The multi-robot path planning is a further extension of single-robot path planning and is characterized in that a barrier-free feasible path is searched from a starting point to a target point in a built state space by referring to a certain characteristic index. Compared with a single robot, the multi-robot path planning can fully acquire environmental information and improve the task completion capability of the robot. Multi-robot path planning is widely used in the fields of industry, agriculture, medicine, search, etc.

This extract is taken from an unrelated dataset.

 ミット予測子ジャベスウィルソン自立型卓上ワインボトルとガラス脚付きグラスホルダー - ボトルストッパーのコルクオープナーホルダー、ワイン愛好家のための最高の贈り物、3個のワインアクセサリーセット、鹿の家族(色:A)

The multi-robot also relates to formation control, and the formation control is widely researched at home and abroad, and the main control methods include a virtual navigation method, a behavior basic method and a navigator-follower method. The navigator-follower method is a popular research for multi-robot formation because of its advantages of simple implementation and good expansibility. The navigator-follower method is to plan a path of a navigator robot and then determine the position of a follower robot according to the position of the navigator robot and formation information. The invention introduces the concept of a virtual spring on the basis of a navigator-follower method, so that a plurality of robots can adaptively adjust formation by judging whether obstacles exist or not.
Disclosure of Invention
The invention aims to provide an RRT path planning method for multi-robot elastic formation, which is innovated on the basis of a rapid search random tree (RRT) algorithm, enhances the target guidance of the RRT path planning method, relieves the problem of high randomness, introduces a concept of a virtual spring in the aspect of robot formation, and enables multi-robots to perform formation adjustment according to a state space.

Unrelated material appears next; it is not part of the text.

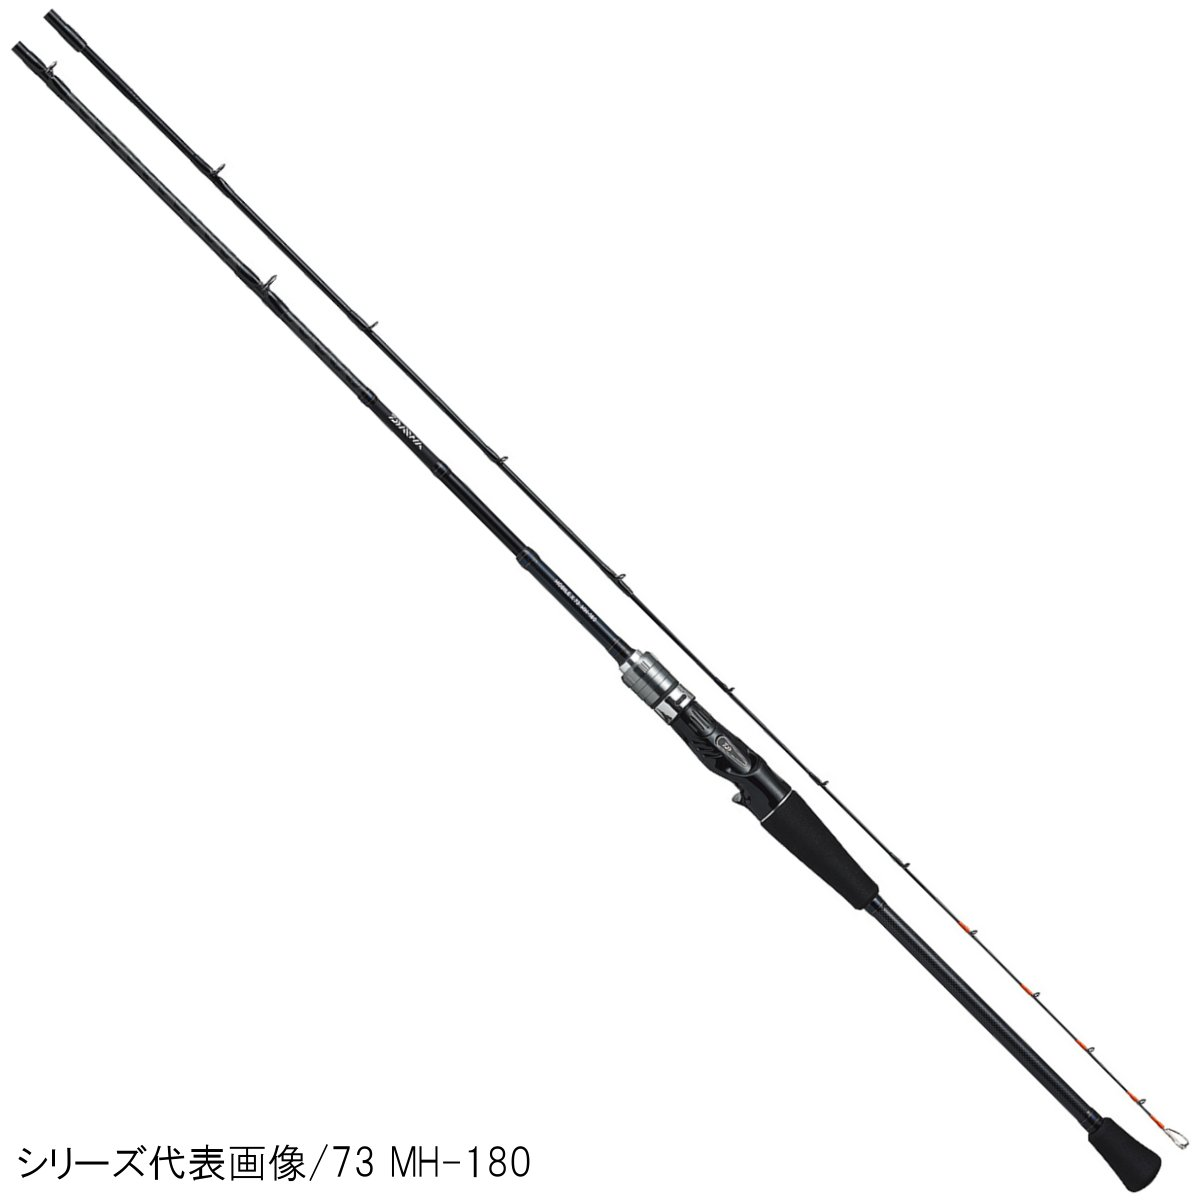 ダイワ モバイル X 82 M-180(東日本店)

In order to achieve the above object, the present invention provides a method for planning RRT paths for multi-robot flexible formation, comprising the following steps:
step 4, when the formation path of the following robot is interfered by an obstacle, the following robot adjusts the formation to bypass the obstacle according to the virtual pressure;
step 5, after the robot smoothly passes through the barrier, the following robot returns to the original formation path and continues to move along with the piloting robot;
step 6, the formation recovery formation moves to the target node,
if the formation path following the robot is interfered by the obstacle again, the step 4 is repeatedly executed;
and if no obstacle interference exists, keeping the formation till the target node.

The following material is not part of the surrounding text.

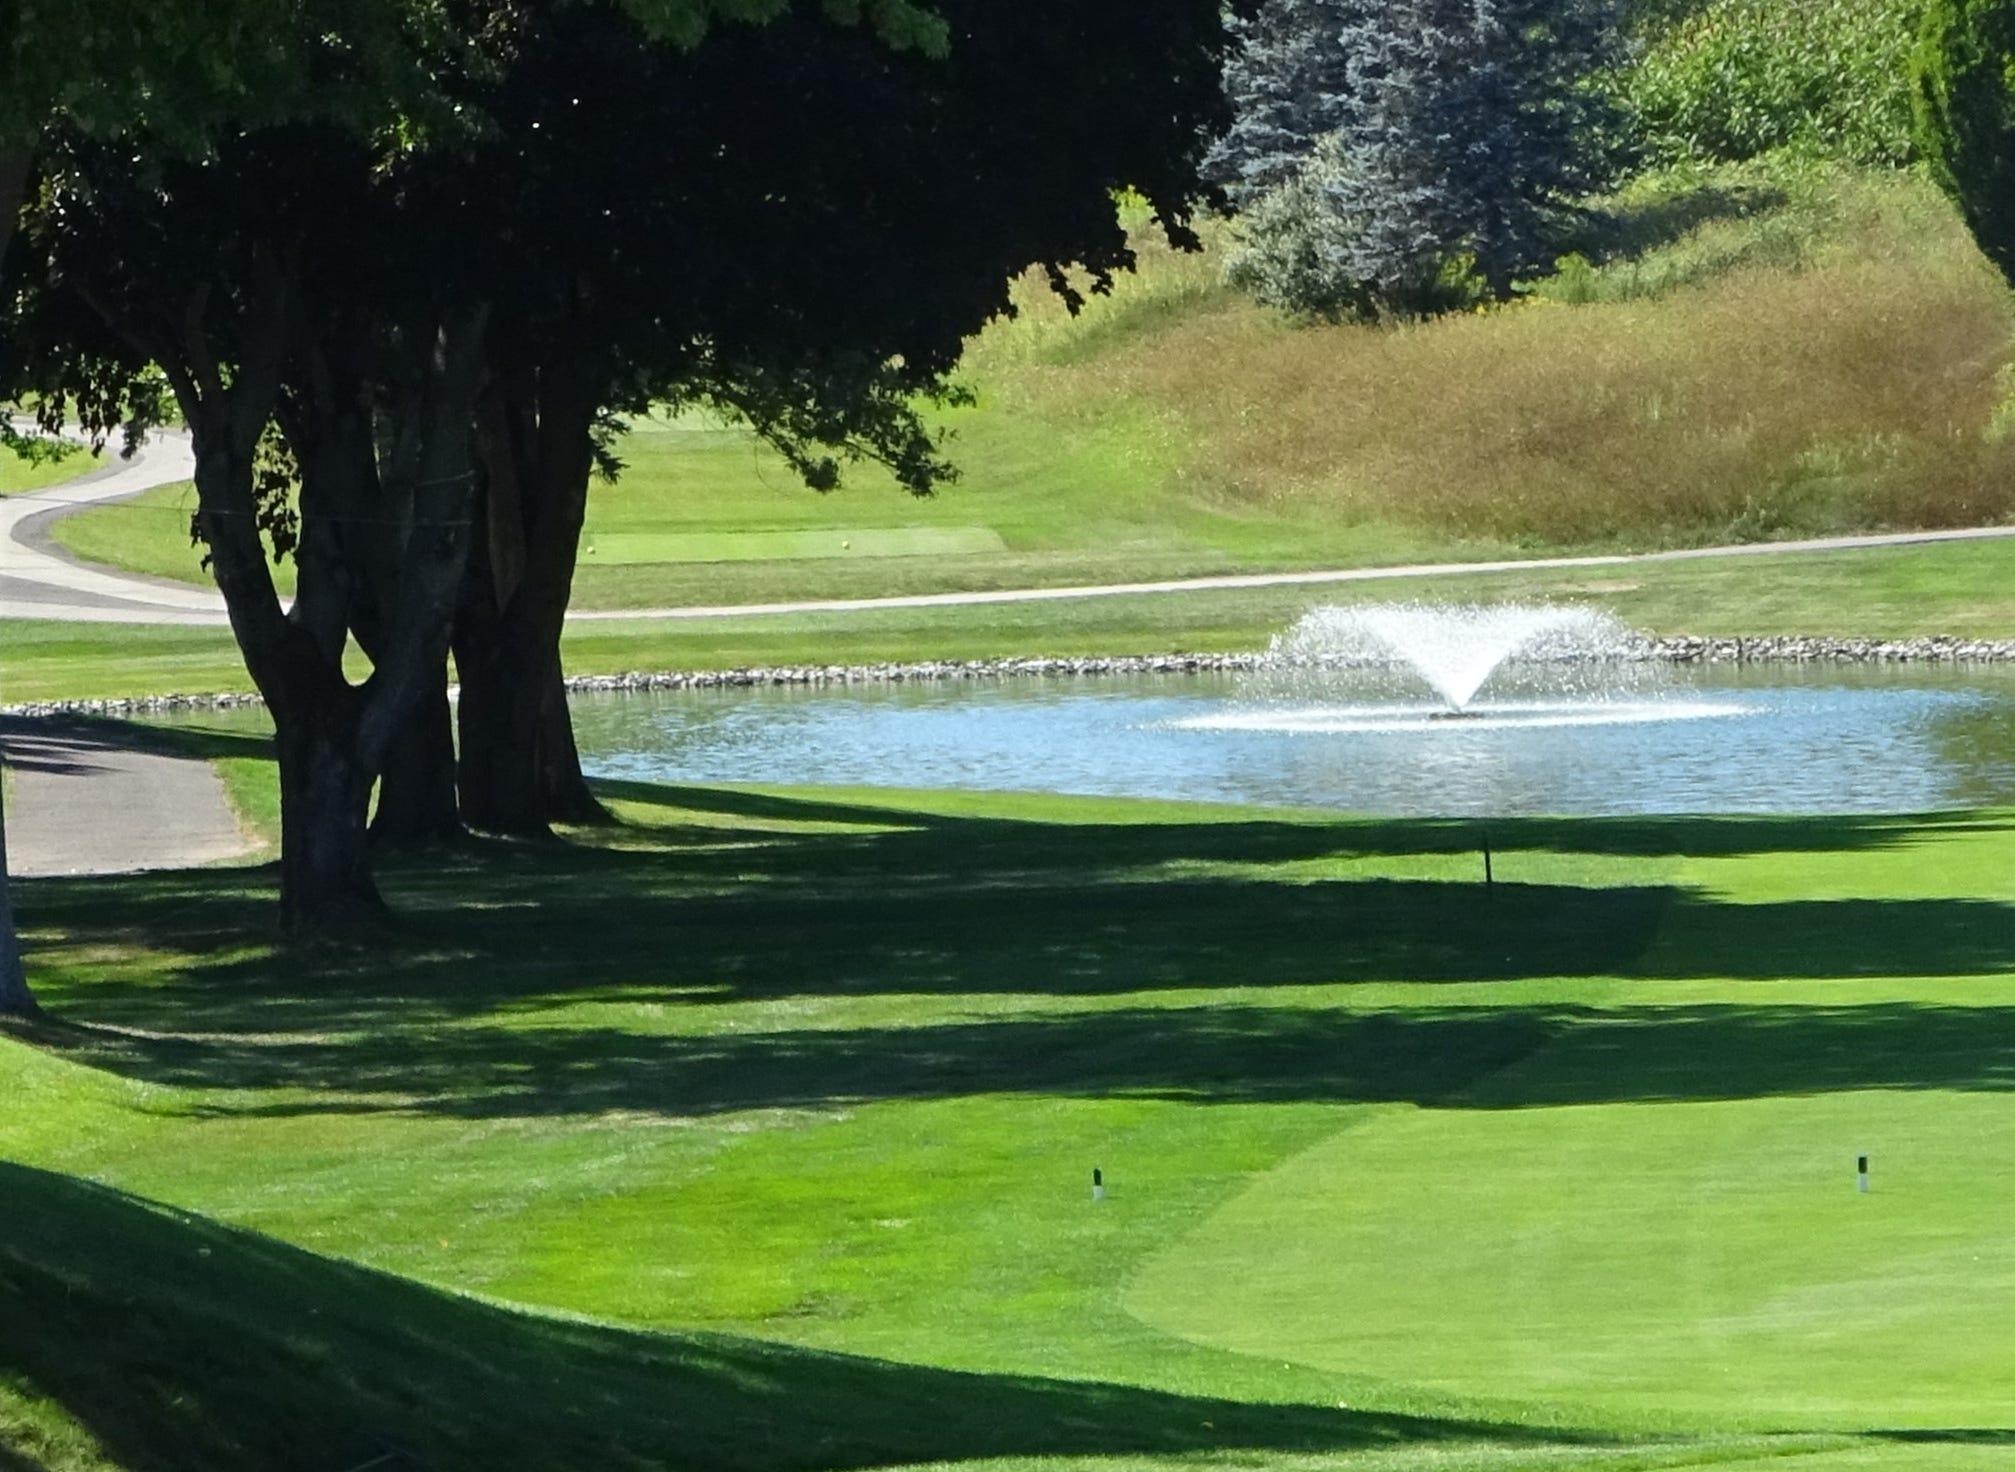 En-Joie Golf Course, Endicott.

The piloting robot forms a planned path according to an improved fast search random tree algorithm and introduces a target node to expand the weight.
An elastic formation model is adopted between the pilot robot and the following robot, namely a virtual spring is set to exist between the pilot robot and the following robot, and the virtual pressure is an imaginary acting force which is applied by an obstacle and causes the virtual spring to deform.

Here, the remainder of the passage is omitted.